With continued reference to fig. 19, in one embodiment, a portion of the data fanout wire 130 may also be disposed on the second metal layer 220, and a portion of the data fanout wire 130 is disposed on the third metal layer 230; and/or, a part of the touch fan-out wire 140 is located on the second metal layer 220, and a part of the touch fan-out wire 140 is located on the third metal layer 230. In fig. 19, only the case where the data fanout wire 130 and the touch fanout wire 140 are simultaneously disposed on the second metal layer 220 and the third metal layer 230 is illustrated, and those skilled in the art may select that only the data fanout wire 130 is simultaneously disposed on the second metal layer 220 and the third metal layer 230 or select that only the touch fanout wire 140 is simultaneously disposed on the second metal layer 220 and the third metal layer 230 according to actual requirements, which is not limited herein.

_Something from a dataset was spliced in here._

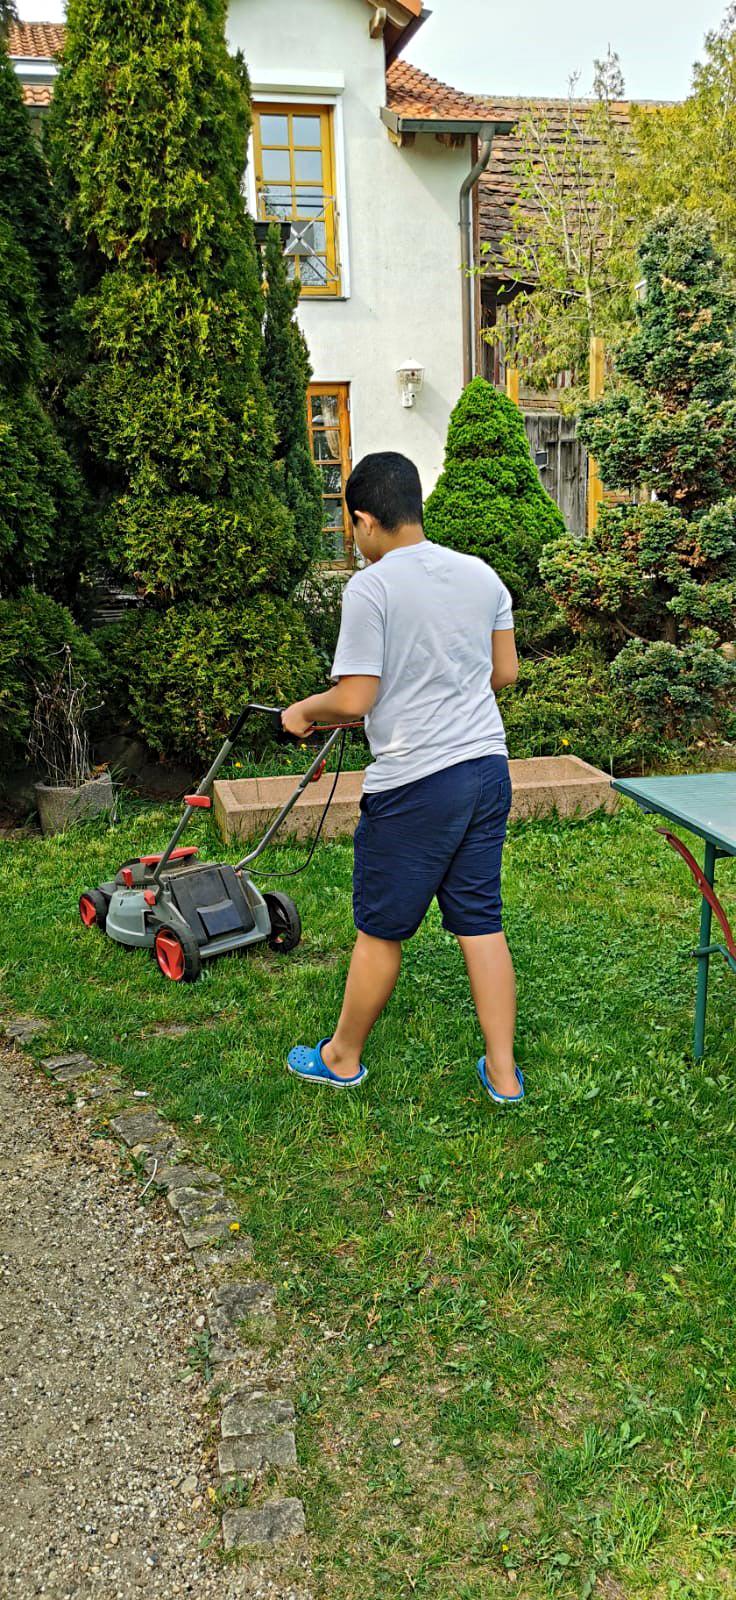 Gartenarbeit in der Stationären Jugendhilfe in Rägelin-Temnitzquell der navitas gGmbH

Fig. 20 is a partial structural cross-sectional view of still another display panel according to an embodiment of the present invention, and referring to fig. 20, further, in still another embodiment of the present invention, the optional data fanout wire 130 includes a first data fanout wire 131 and a second data fanout wire 132, the first data fanout wire 131 is located in the second metal layer 220, and the second data fanout wire 132 is located in the third metal layer 230;

the projection of the first data fan out line 131 on the light emitting surface of the display panel is located between the projection of the shift register circuit 11 and the projection of the de-multiplexing circuit 12 on the light emitting surface of the display panel, and is located in the projection of the second data fan out line 132 on the light emitting surface of the display panel; and/or the number of the groups of groups,

the touch fan-out wire 140 includes a first touch fan-out wire 141 and a second touch fan-out wire 142, the first touch fan-out wire 141 is located on the second metal layer 220, and the second touch fan-out wire 142 is located on the third metal layer 230;

the projection of the first touch fan-out trace 141 on the light emitting surface of the display panel is located between the projection of the shift register circuit 11 and the projection of the de-multiplexing circuit 12 on the light emitting surface of the display panel, and is located in the projection of the second touch fan-out trace 142 on the light emitting surface of the display panel.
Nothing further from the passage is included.